Investigation: Hospital trauma centers charge huge fees to treat minor injuries and send people home
The treatments were ordinary. A hospital in Modesto, Calif., Treated a 30-year-old man for shoulder and back pain after a car accident. He got home in less than three hours.
The bill was extraordinary. Sutter Health Memorial Medical Center billed $ 44,914, including a “traumatic alert” fee of $ 8,928, billed to summon the hospital’s top surgical specialists and generally associated with the most seriously injured patients.
The case, buried in the records of a 2017 lawsuit, is a rare example of a court challenge to an element increasingly common in U.S. hospitals, according to billing consultants.
Tens of thousands of times a year, hospitals charge extremely expensive trauma alert fees for injuries so minor that the patient is never admitted.
In Florida alone, where the number of trauma centers has skyrocketed, hospitals billed such fees more than 13,000 times in 2019, even though the patient returned home the same day, according to a KHN analysis of data from the state provided by Etienne Pracht, economist at the University of South Florida.

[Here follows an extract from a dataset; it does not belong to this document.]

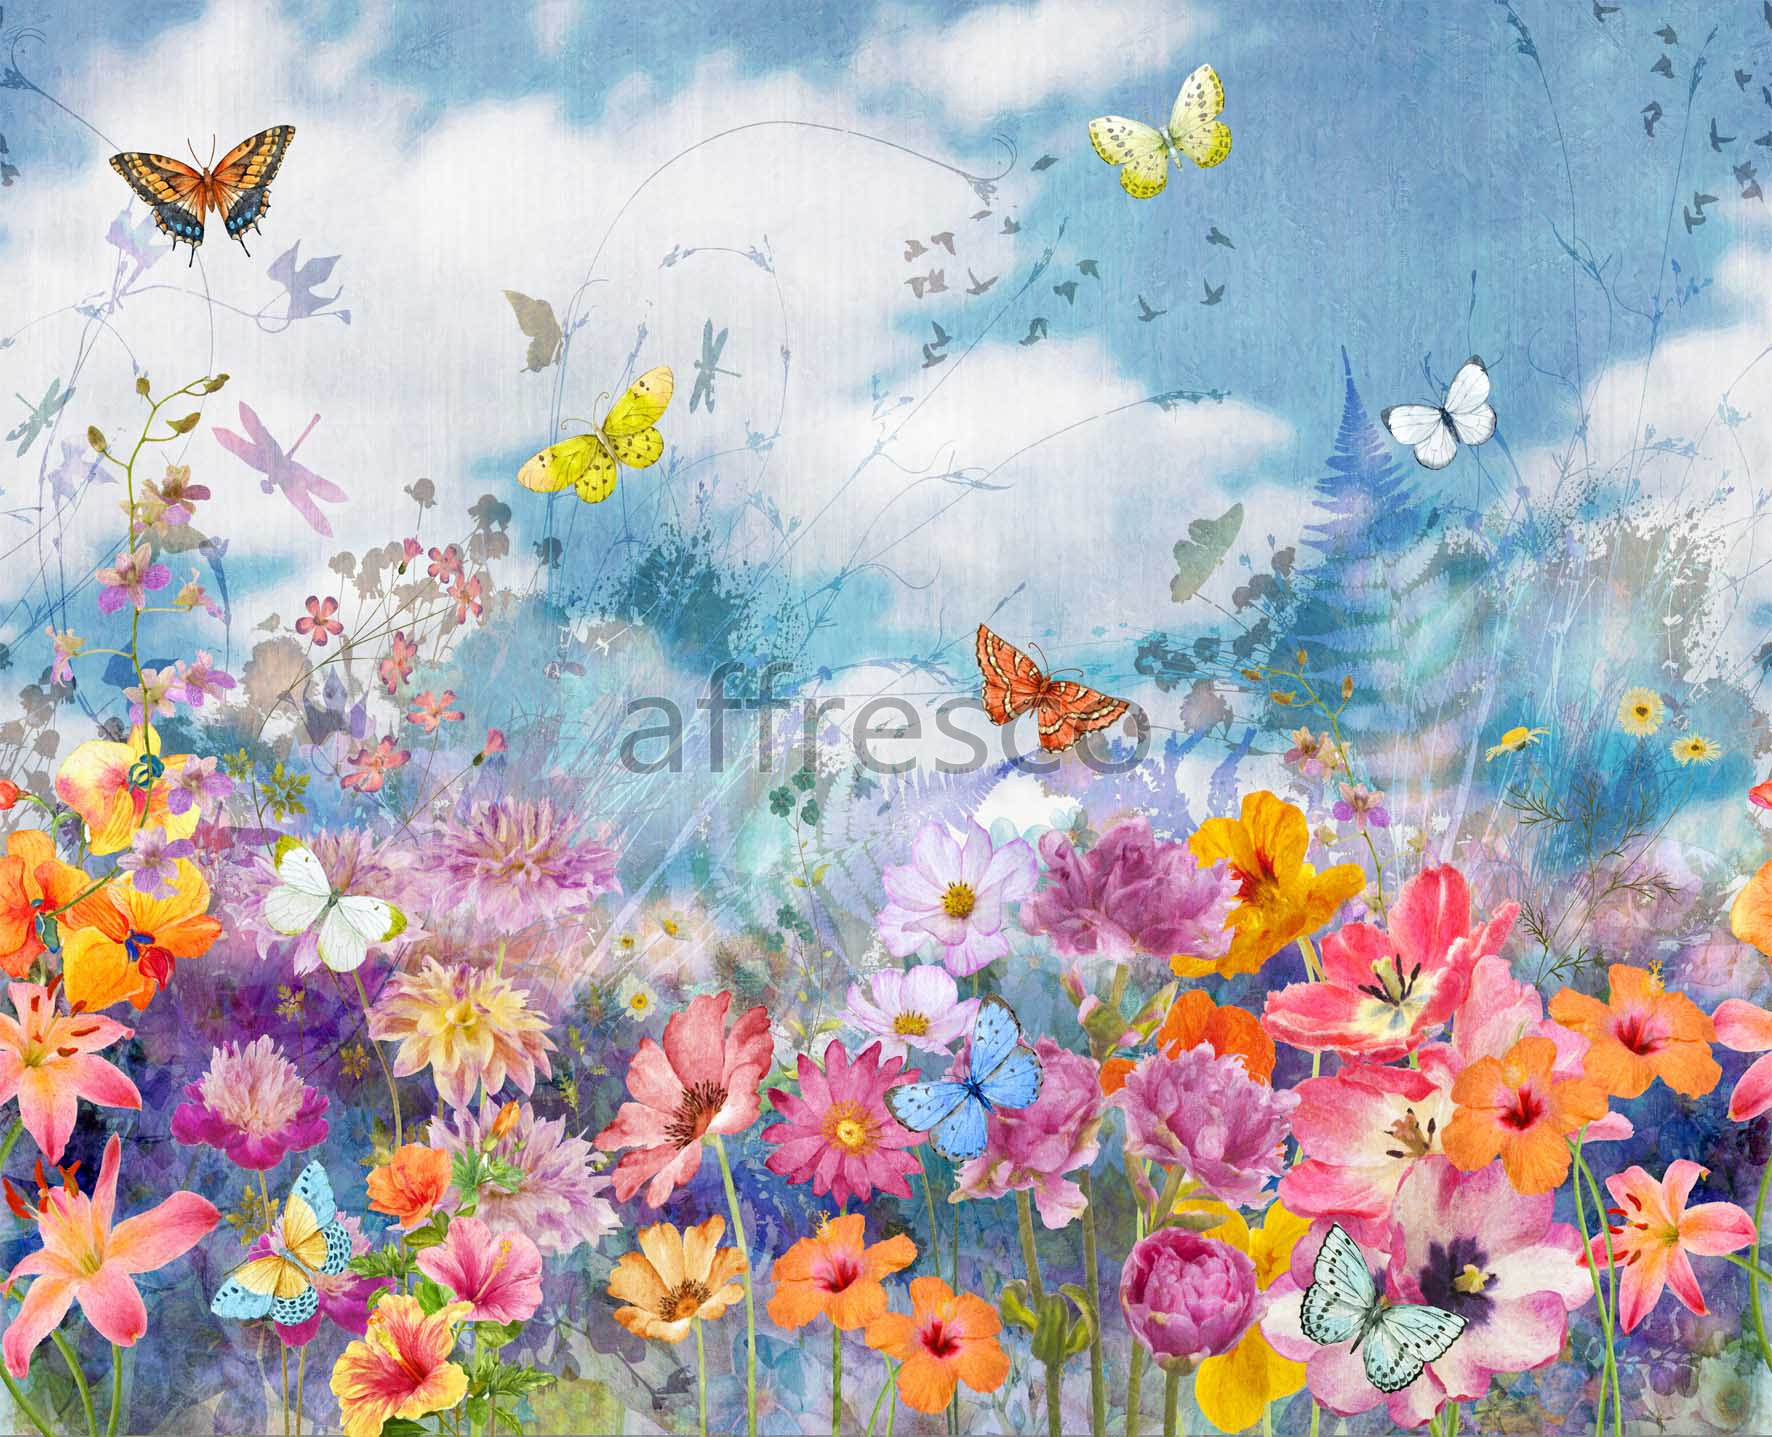 ID135938 | Flowers | Multicolored flowers and butterflies | Affresco Factory

These cases represented more than a quarter of all activations of state trauma teams that year and were more than double the number of similar cases in 2014, according to a database of all payers on claims. of inpatient records maintained by the Florida Agency for Health Care Administration.

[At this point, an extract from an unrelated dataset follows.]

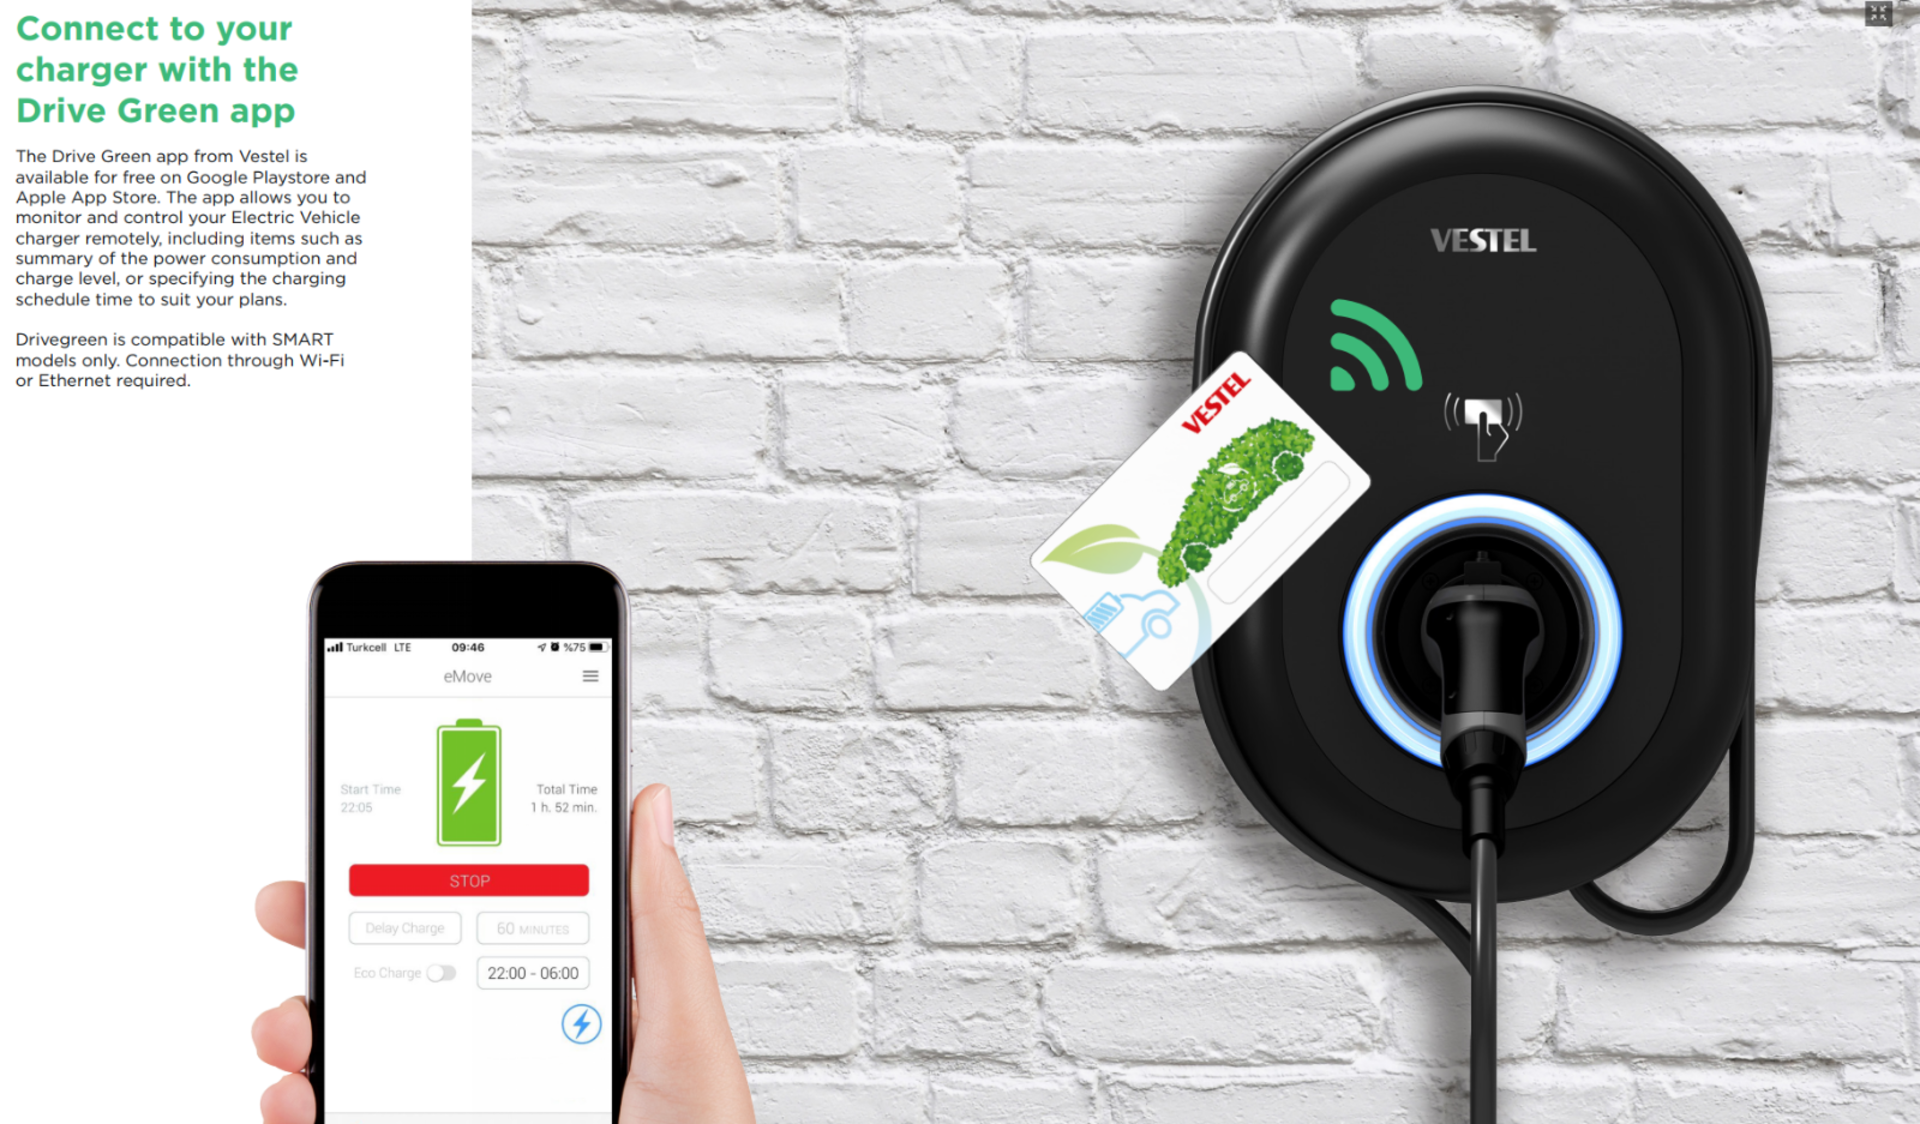 Vestel electric vehicle charger - Image 6 of 7

While false alarms are to be expected, such frequent charges for little or no treatment suggest that some hospitals see the alerts as much as a tap of money as a clinical emergency tool, the consultants say.
“Some hospitals use it as a source of income,” Tami Rockholt, a registered nurse and medical claims consultant who appeared as an expert witness in Sutter Health’s auto accident lawsuit, said in an interview. “We are taking advantage” and such cases are “much more numerous” than a few years ago, she said.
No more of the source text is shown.